Write the data out again, character for character, with no images.

■ Data excerpt:
##########

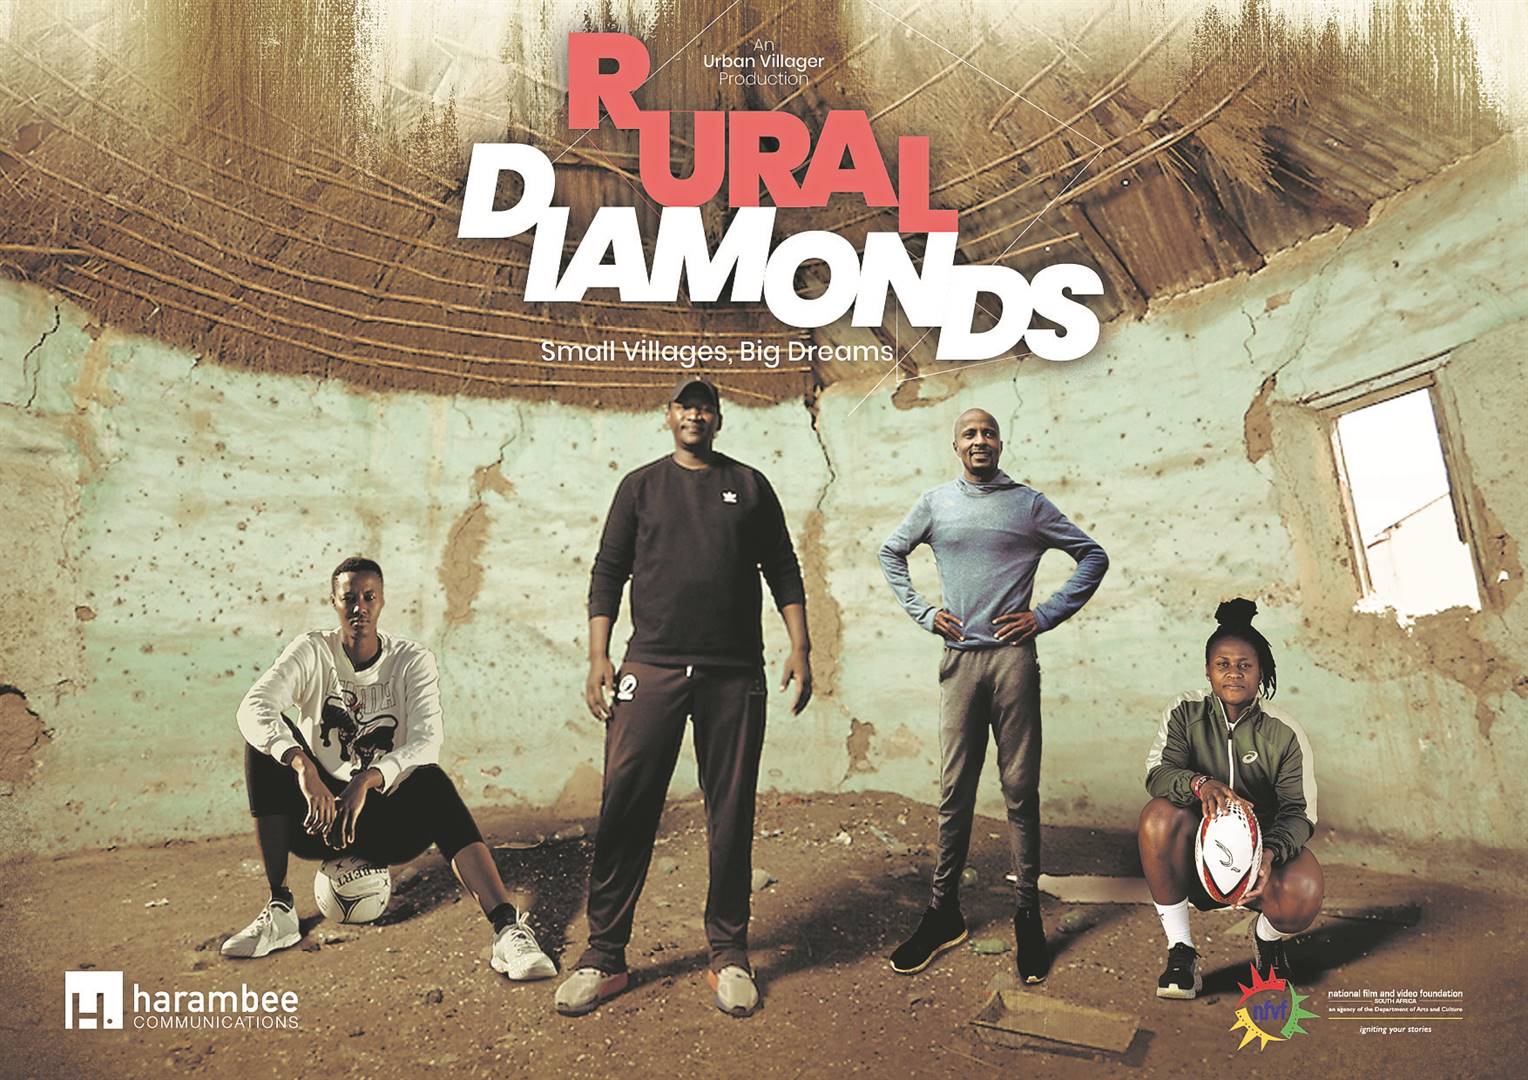 The poster for the documentary, ‘Rural Diamonds - Small Village, Big Dreams’.   
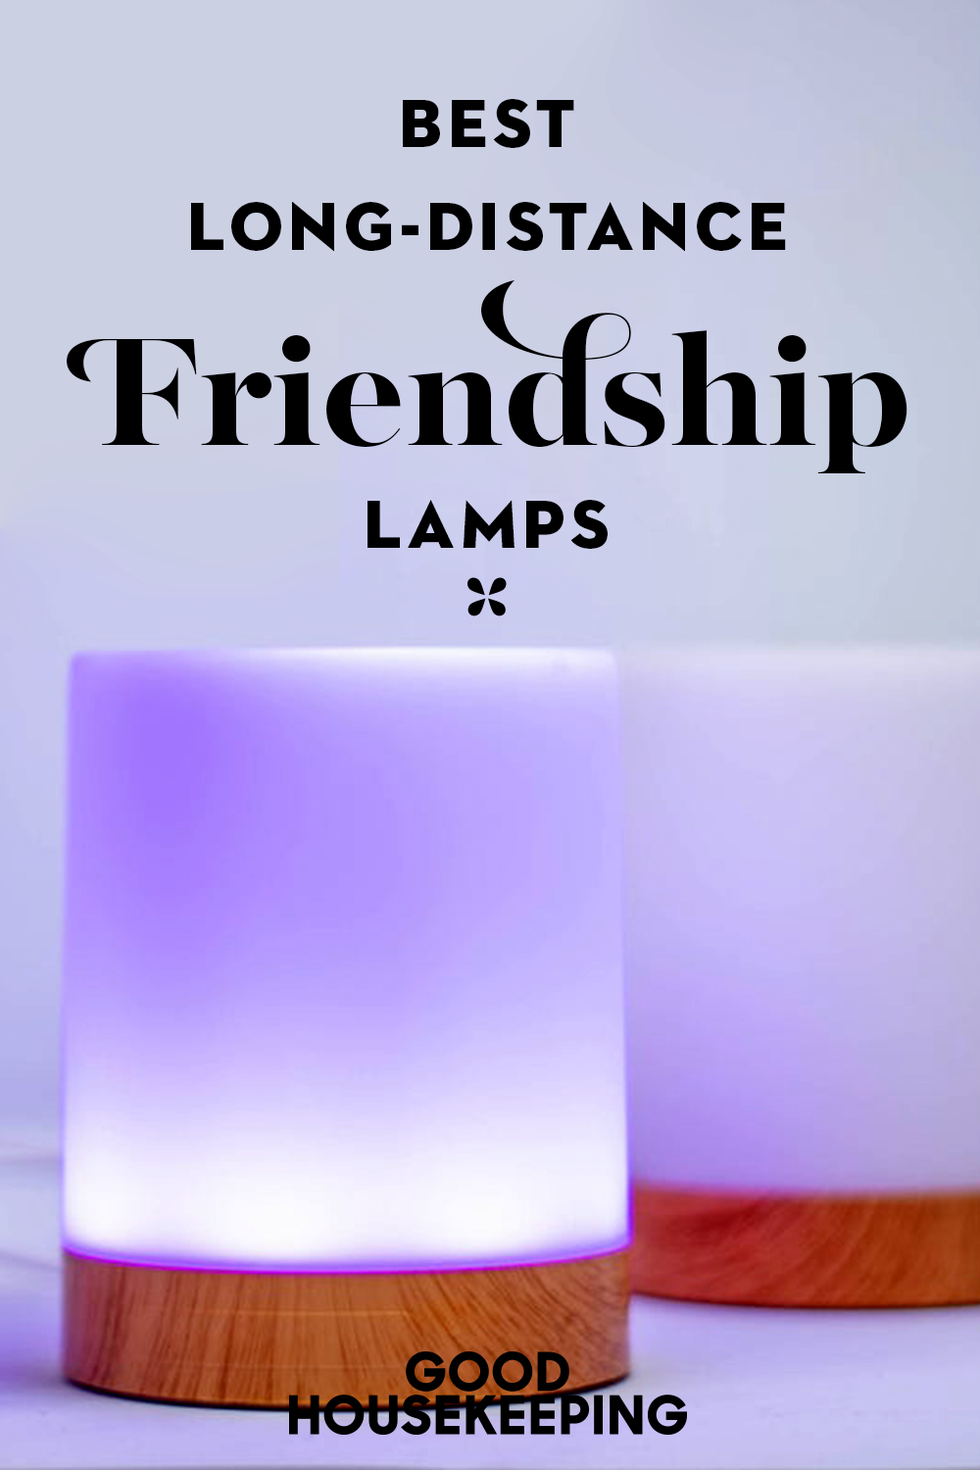 https://hips.hearstapps.com/hmg-prod/images/gh-032020-best-long-distance-friendship-lamps-1584738641.png?crop=1xw:1xh;center,top&resize=980:*
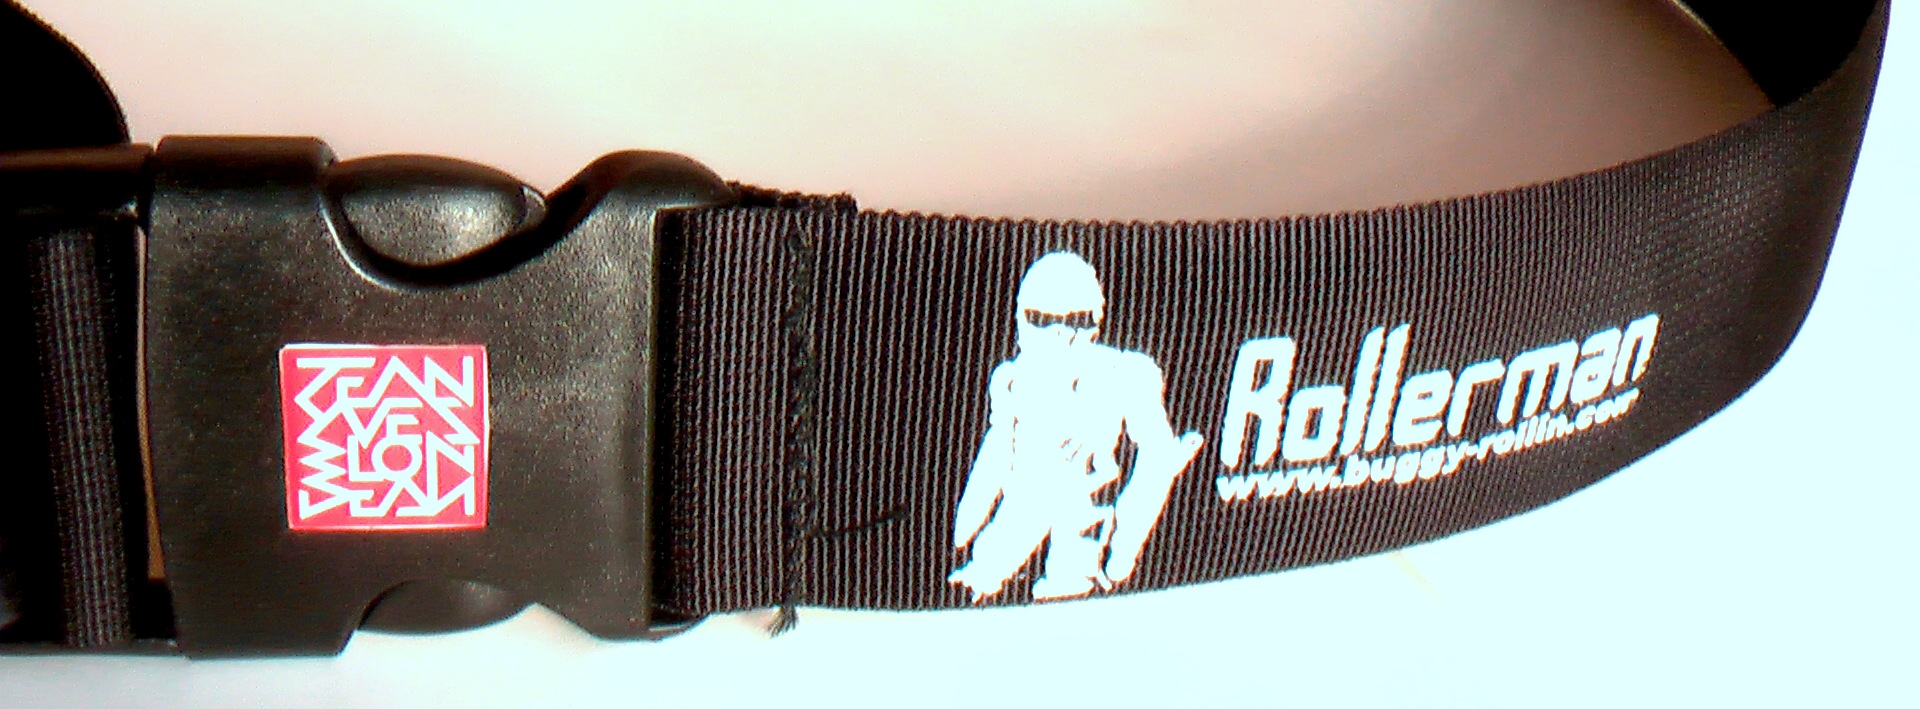 detail of the graphic design of rollerman printed on belt
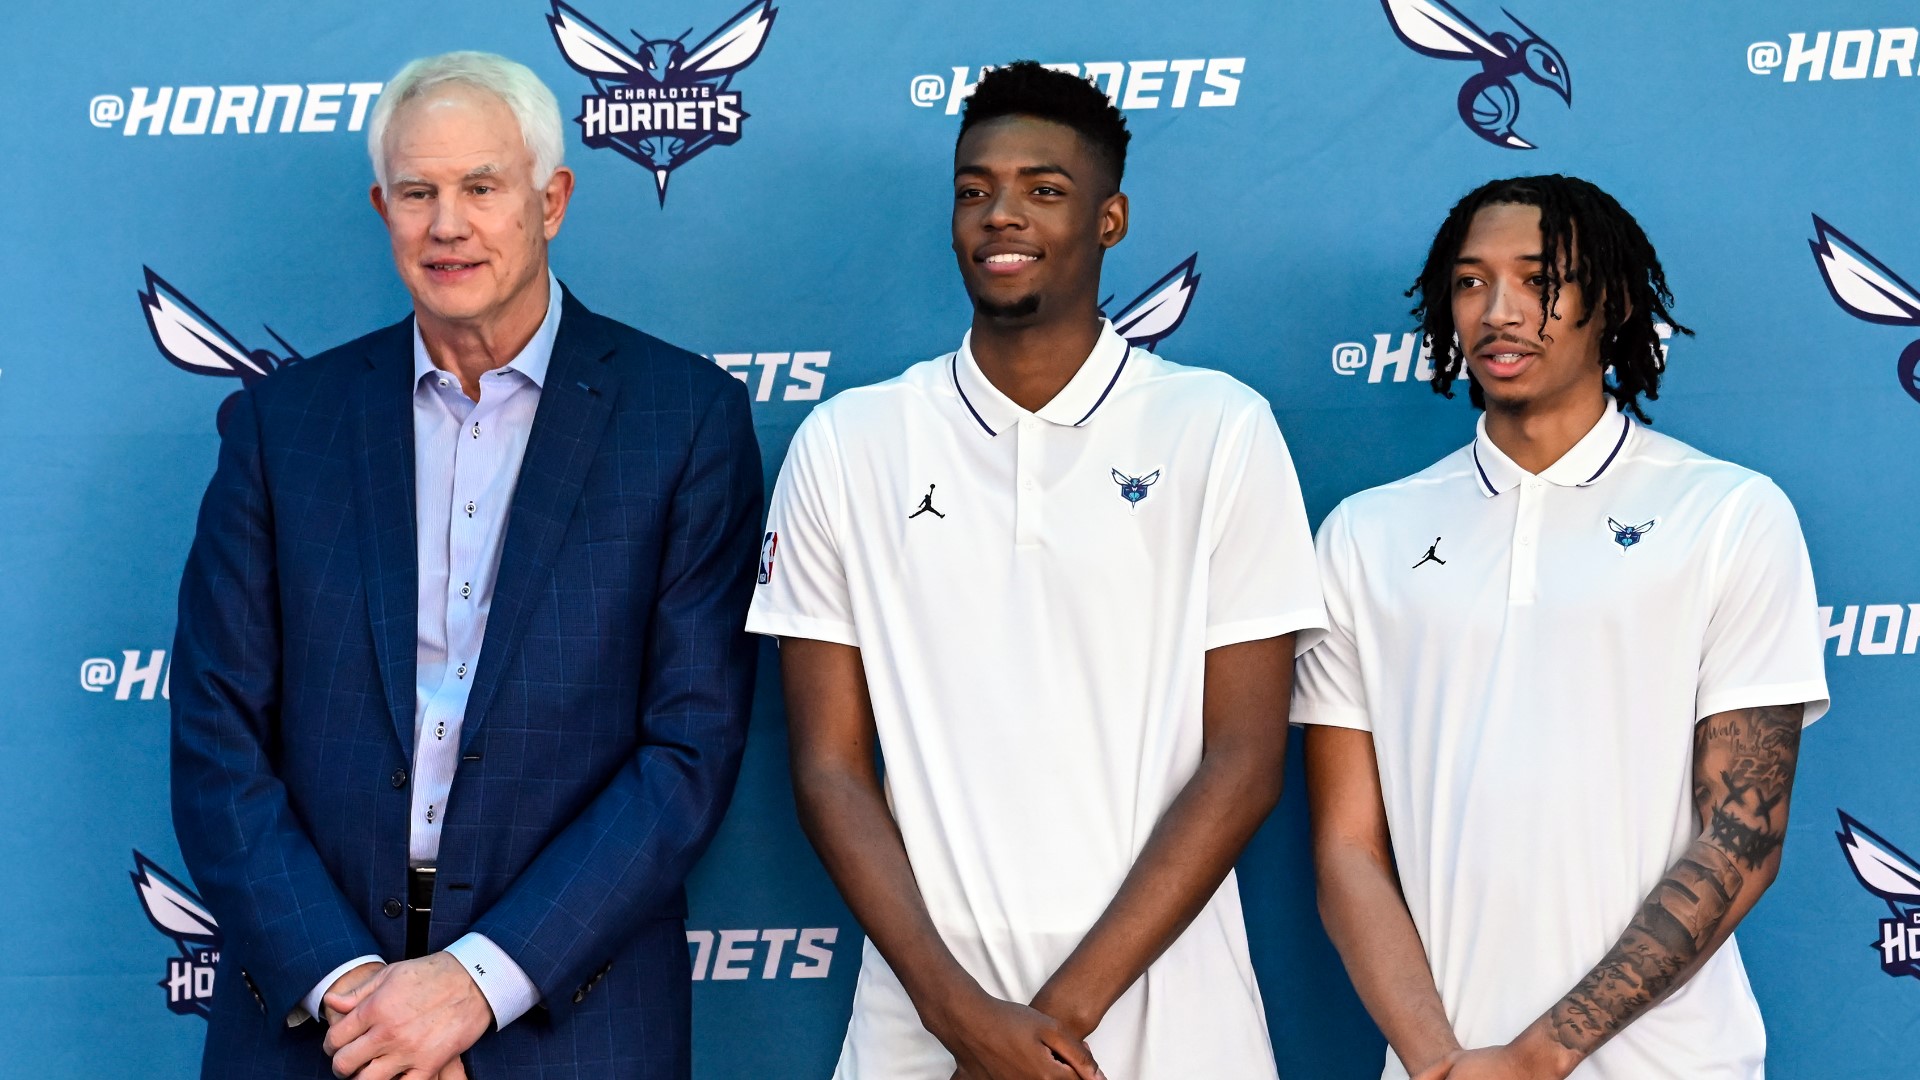 Charlotte Hornets: Full roster, players and coaches - Hispanosnba.com

##########

■ Output below:
 The poster for the documentary, ‘Rural Diamonds - Small Village, Big Dreams’.   
 https://hips.hearstapps.com/hmg-prod/images/gh-032020-best-long-distance-friendship-lamps-1584738641.png?crop=1xw:1xh;center,top&resize=980:*
 detail of the graphic design of rollerman printed on belt
 Charlotte Hornets: Full roster, players and coaches - Hispanosnba.com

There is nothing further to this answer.